Tolkien

A fairly bottom-of-the-barrel biopic, Tolkien follows Nicholas Hoult’s J. R. R. Tolkien as he befriends a group of students at a prestigious school for boys and eventually falls in love with Lily Collins’ Edith Bratt – with the outbreak of the First World War threatening the iconic figure’s various relationships.

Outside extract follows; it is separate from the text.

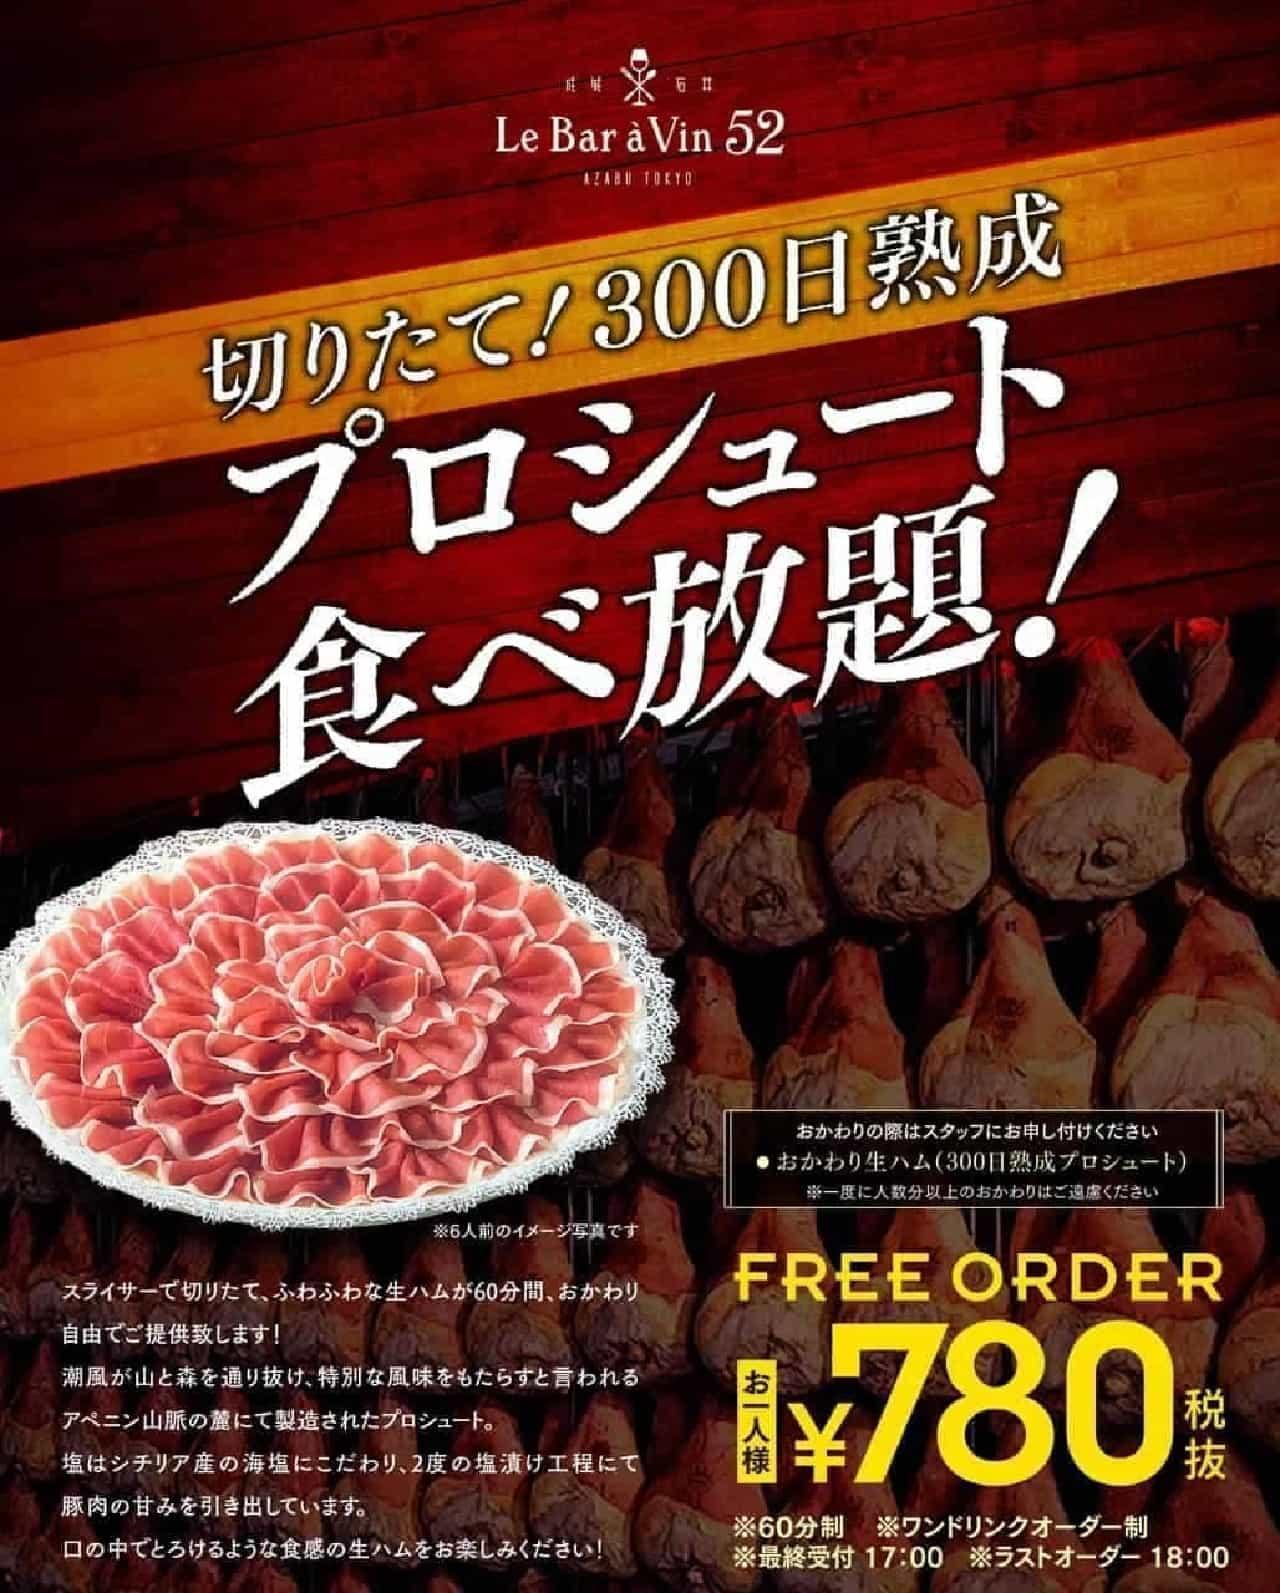 成城石井の生ハム食べ放題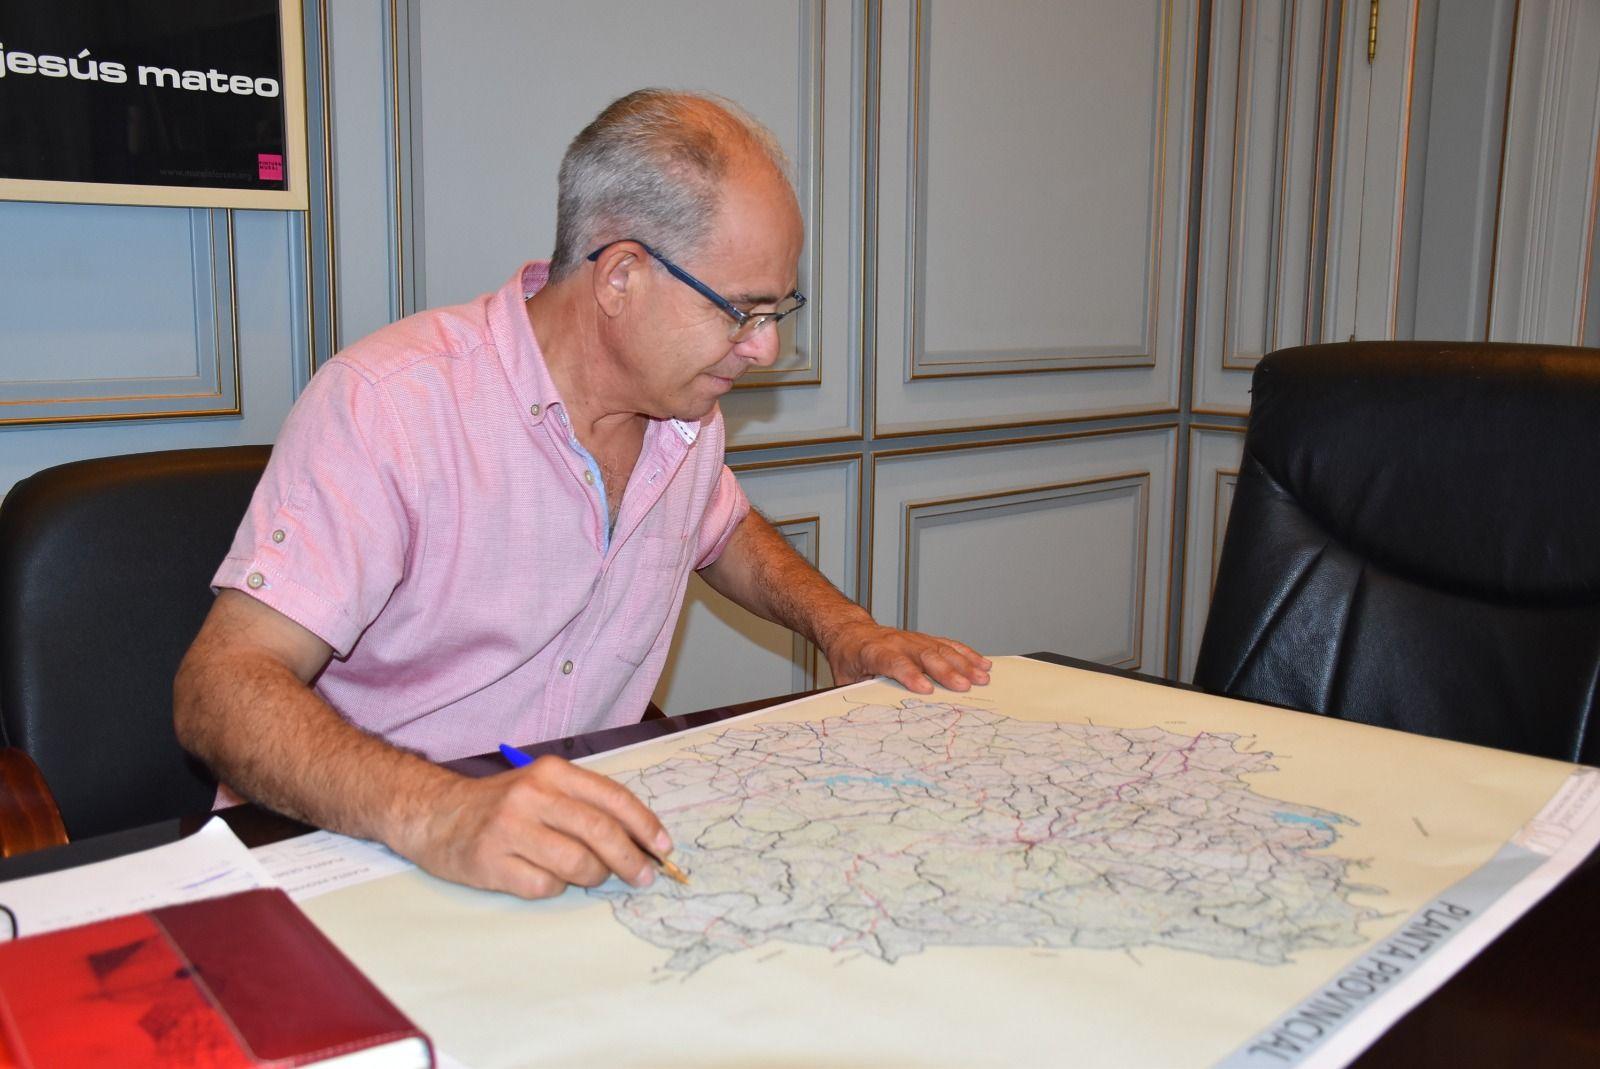 La Diputación de Cuenca ha actuado en 13,6 kilómetros y tiene proyectadas actuaciones en 11,5 km de la CUV-5003

Filmmaker Dome Karukoski immediately establishes a paint-by-numbers atmosphere that proves utterly disastrous, as Tolkien, which actually opens with the protagonist at war before flashing back to his childhood (really?), has been suffused with a relentlessly generic feel that effectively (and completely) renders its few positive attributes moot – which is a shame, certainly, given that Hoult’s relatively strong performance is matched by a solid supporting cast. (Colm Meaney, cast as Tolkien’s guardian and father figure, is especially good here.) There’s little doubt that Tolkien‘s dearth of competent elements paves the way for a sluggish, mostly interminable midsection, and it’s clear, too, that Karukoski’s efforts at juicing up the picture’s war sequences with images of various creatures and monsters comes off as silly and desperate – with the end result a thoroughly unpleasant and incompetent endeavor that seems unlikely to appeal even to Tolkien’s most ardent fans.